- _Data shown_:
-*-

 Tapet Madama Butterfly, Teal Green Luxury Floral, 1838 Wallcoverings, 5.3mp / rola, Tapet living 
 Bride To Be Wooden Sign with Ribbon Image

-*-

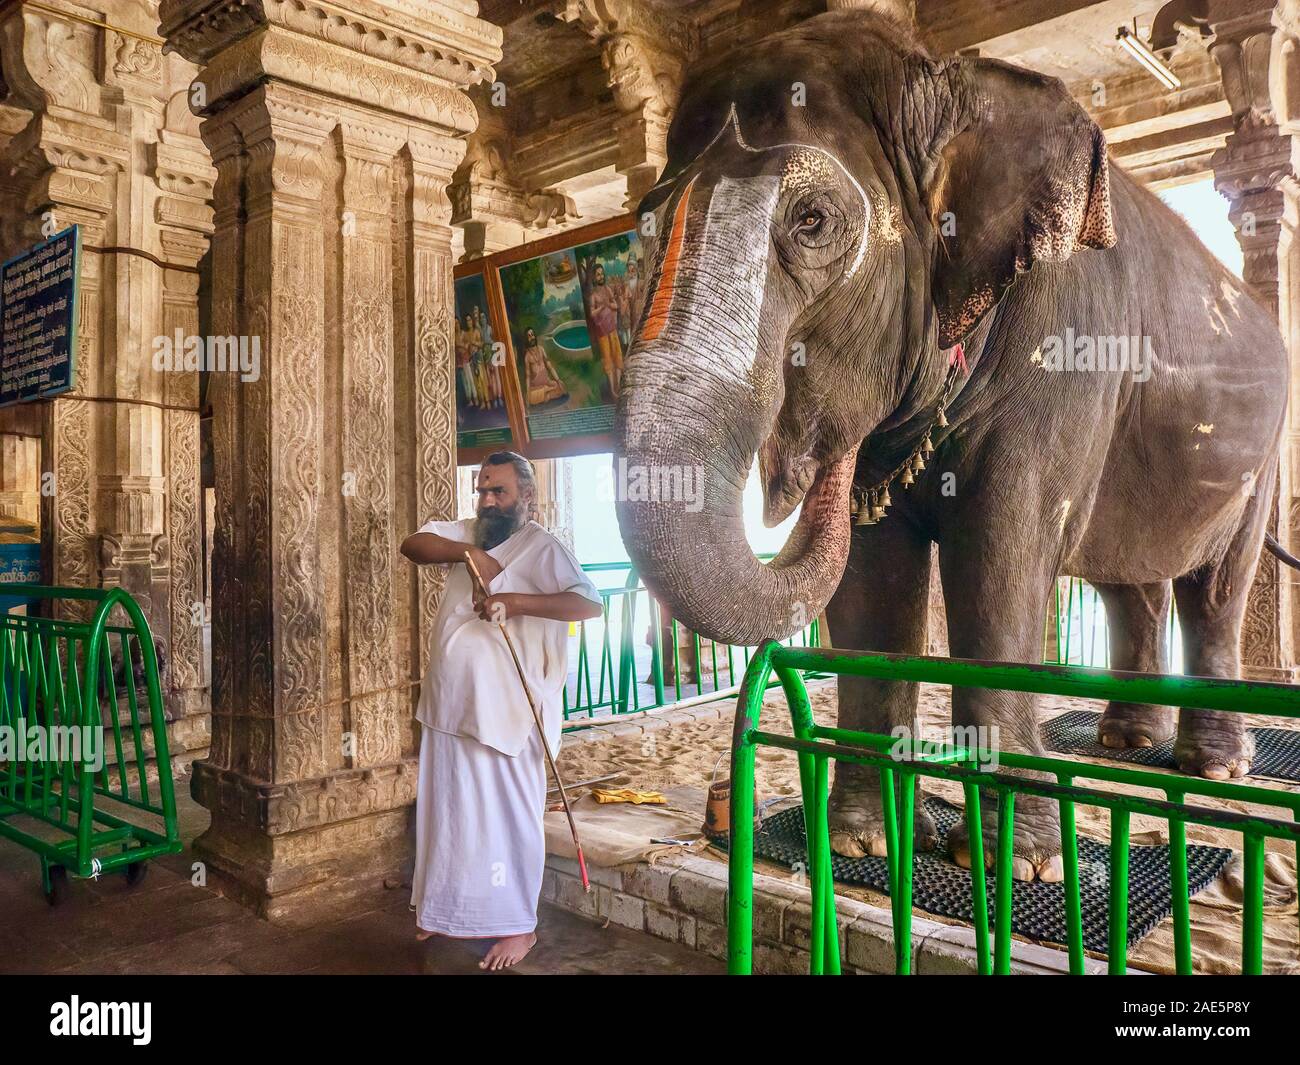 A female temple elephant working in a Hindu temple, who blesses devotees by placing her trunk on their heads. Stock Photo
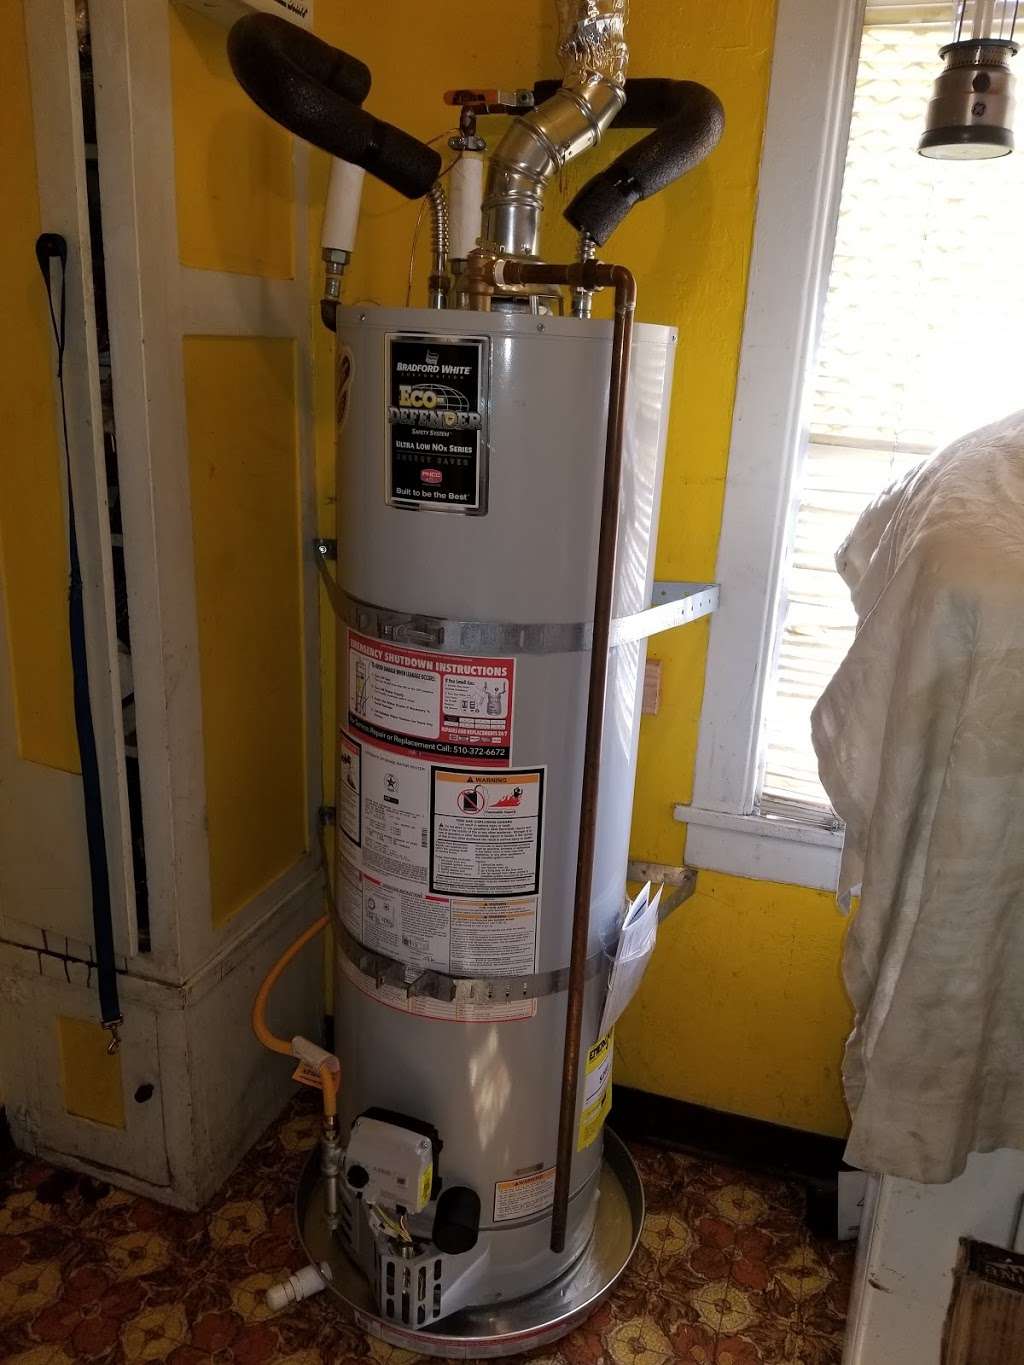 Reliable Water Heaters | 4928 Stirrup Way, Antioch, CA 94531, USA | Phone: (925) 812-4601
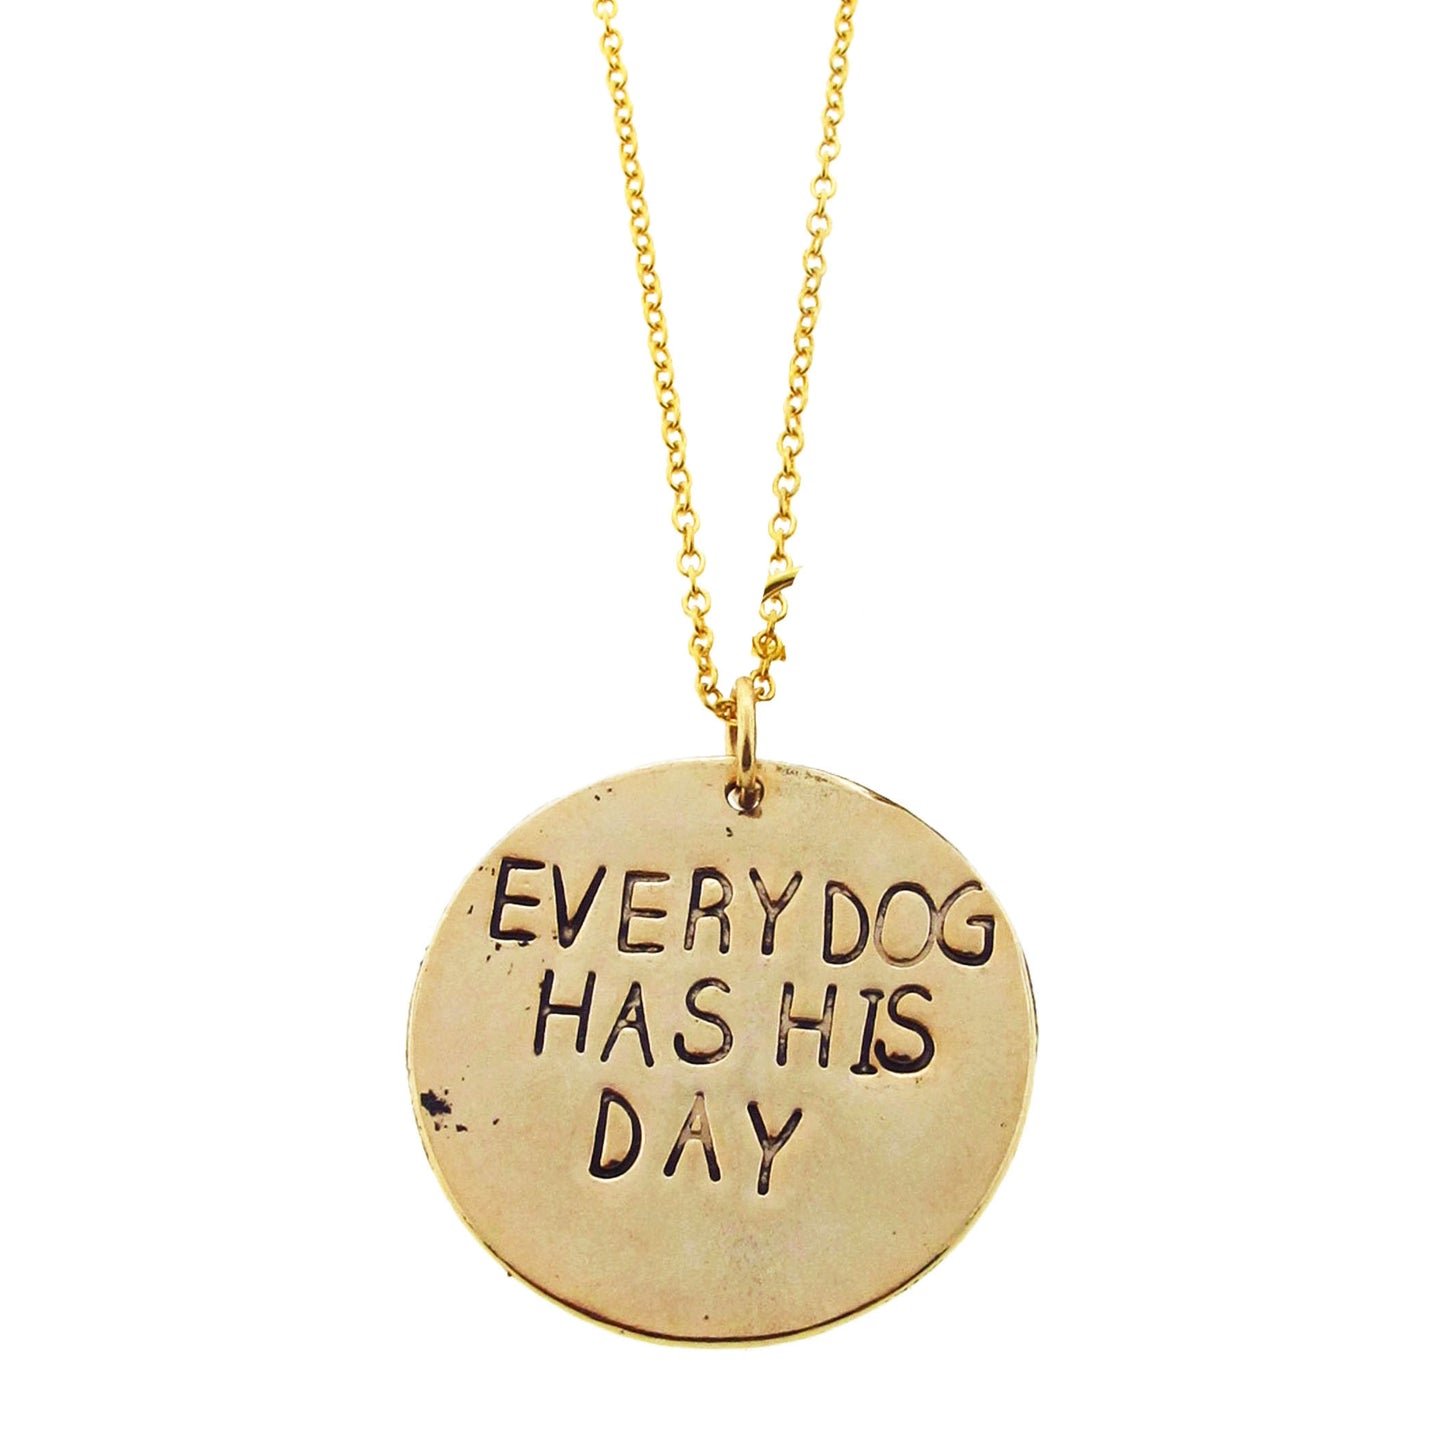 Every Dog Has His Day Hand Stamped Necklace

-*-

- _What you will do_:
Excerpt from the records above: set down only the lines from the one that contains "Reliable Water Heaters" through the one that contains "Every Dog Has His Day Hand Stamped Necklace", inclusive, word for word. Pictures stay out.

- _Exercise answer_:
 Reliable Water Heaters | 4928 Stirrup Way, Antioch, CA 94531, USA | Phone: (925) 812-4601
 Every Dog Has His Day Hand Stamped Necklace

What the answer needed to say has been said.